Better Summarization Evaluation with Word Embeddings for ROUGE (1508.06034v1)

Published 25 Aug 2015 in cs.CL and cs.IR

Abstract: ROUGE is a widely adopted, automatic evaluation measure for text summarization. While it has been shown to correlate well with human judgements, it is biased towards surface lexical similarities. This makes it unsuitable for the evaluation of abstractive summarization, or summaries with substantial paraphrasing. We study the effectiveness of word embeddings to overcome this disadvantage of ROUGE. Specifically, instead of measuring lexical overlaps, word embeddings are used to compute the semantic similarity of the words used in summaries instead. Our experimental results show that our proposal is able to achieve better correlations with human judgements when measured with the Spearman and Kendall rank coefficients.

Citations (159)

View on Semantic Scholar

Summary

The paper integrates word embeddings into ROUGE to assess semantic similarity, overcoming the limitations of strict lexical matching.
It introduces ROUGE-WE variants using word2vec and a compositional approach to handle out-of-vocabulary terms.
Experimental findings on the AESOP dataset demonstrate improved correlation with human judgments using Pearson, Spearman, and Kendall coefficients.

Integrating Word Embeddings into ROUGE for Improved Summarization Evaluation

Introduction

The paper "Better Summarization Evaluation with Word Embeddings for ROUGE" (1508.06034) addresses the inherent bias in the ROUGE metric towards lexical similarity, which detracts from its effectiveness in evaluating abstractive summaries. Standard ROUGE relies on n-gram overlap and fails to capture semantic similarities between expressions. This research proposes integrating word embeddings to enhance ROUGE by considering semantic content, thereby improving its correlation with human judgment.

Methodology

The core contribution of the paper is the adaptation of ROUGE to incorporate semantic similarity through word embeddings, particularly word2vec. The new metric, named ROUGE-WE, introduces a similarity function $f_{WE}$ that leverages pre-trained word vectors to evaluate semantic congruence. This adaptation allows for the calculation of ROUGE-WE-1, ROUGE-WE-2, and ROUGE-WE-SU4, analogous to the traditional ROUGE metrics.
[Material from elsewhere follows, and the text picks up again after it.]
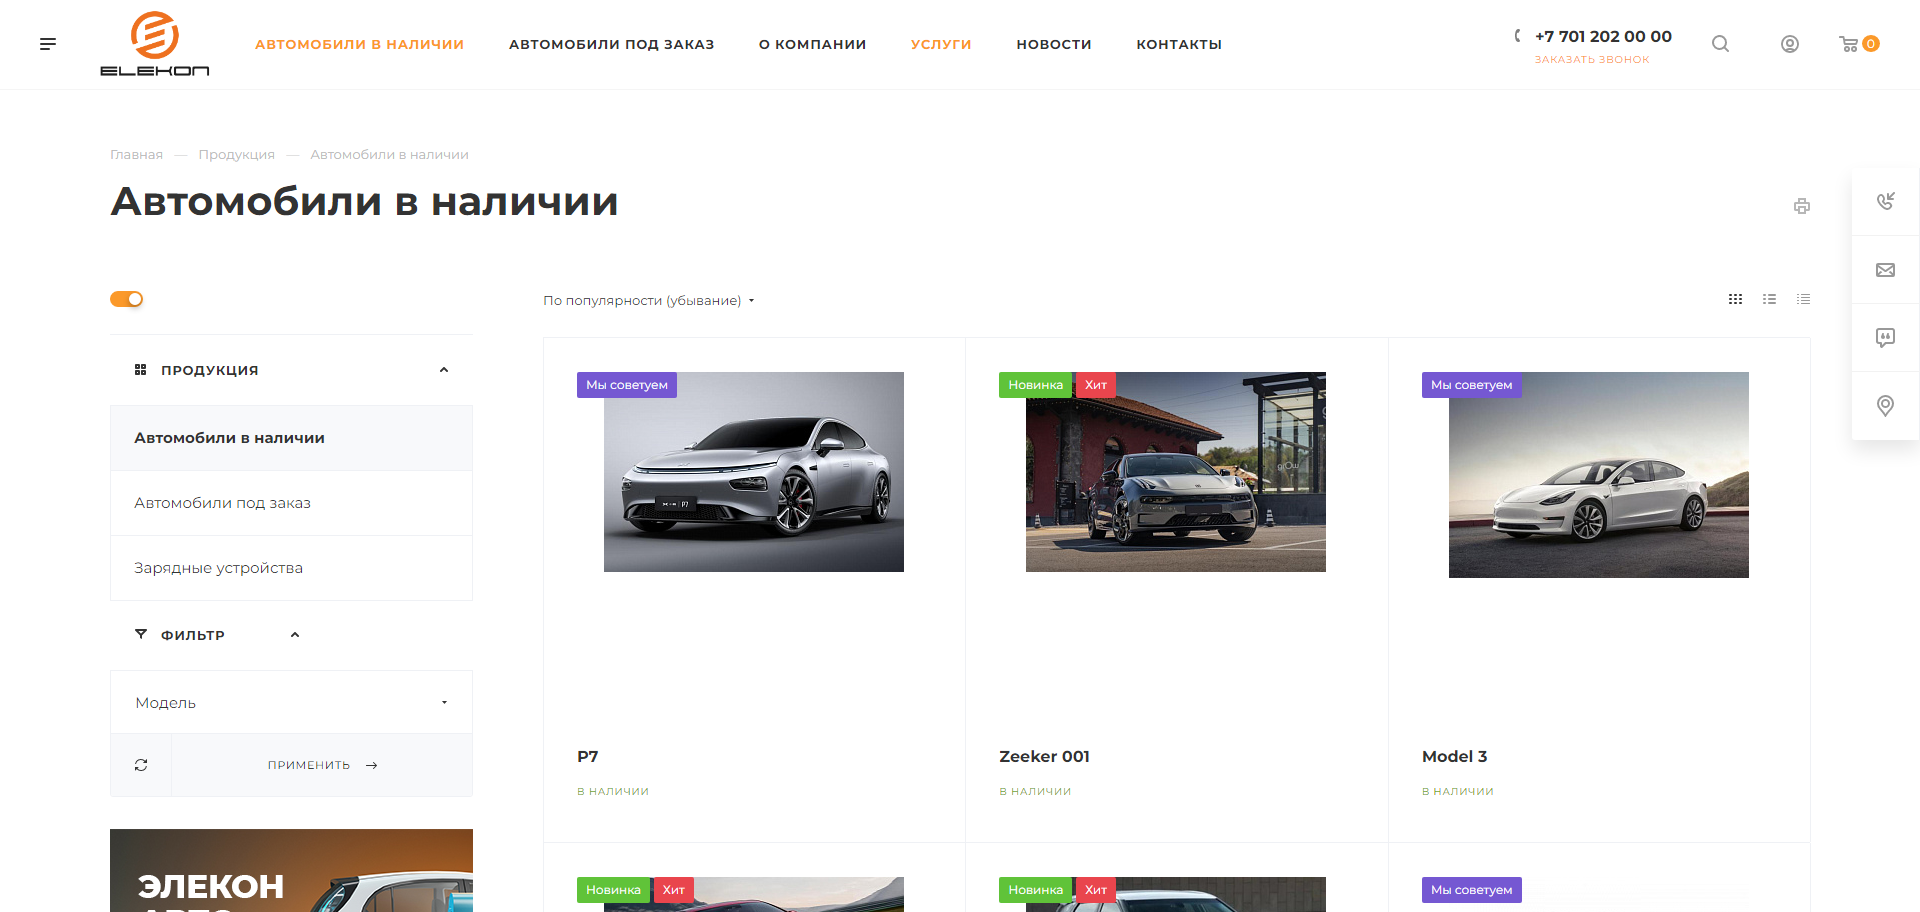 сайт по продаже электромобилей в казахстане

Handling out-of-vocabulary (OOV) terms is accomplished through a compositional approach based on the multiplicative combination of individual word vectors.

Experimentation and Results

Experiments were conducted using the AESOP dataset from the TAC summarization task, employing correlation measurements like Pearson, Spearman, and Kendall ranking coefficients. The results indicated that ROUGE-WE-1 improves the correlation between automatic and human evaluations, particularly for semantic judgments, as evidenced by superior Spearman and Kendall coefficients compared to the traditional ROUGE. For instance, ROUGE-WE-1 outperformed other metrics in terms of Spearman rank with pyramid scores. While ROUGE-WE-2 showed improvements, ROUGE-WE-SU4 lagged potentially due to the limitations of its compositional modeling for skip-bigrams.

Comparison with Previous Work

When placed alongside other evaluation systems from AESOP 2011, ROUGE-WE-1 emerged as a frontrunner in achieving high correlation with human judgment—eclipsing systems like C_S_IIITH3 and BE-HM in Spearman coefficient for pyramid scores. This underscores the paper's success in enhancing ROUGE's utility, particularly in its adaptability to handle non-lexical similarity.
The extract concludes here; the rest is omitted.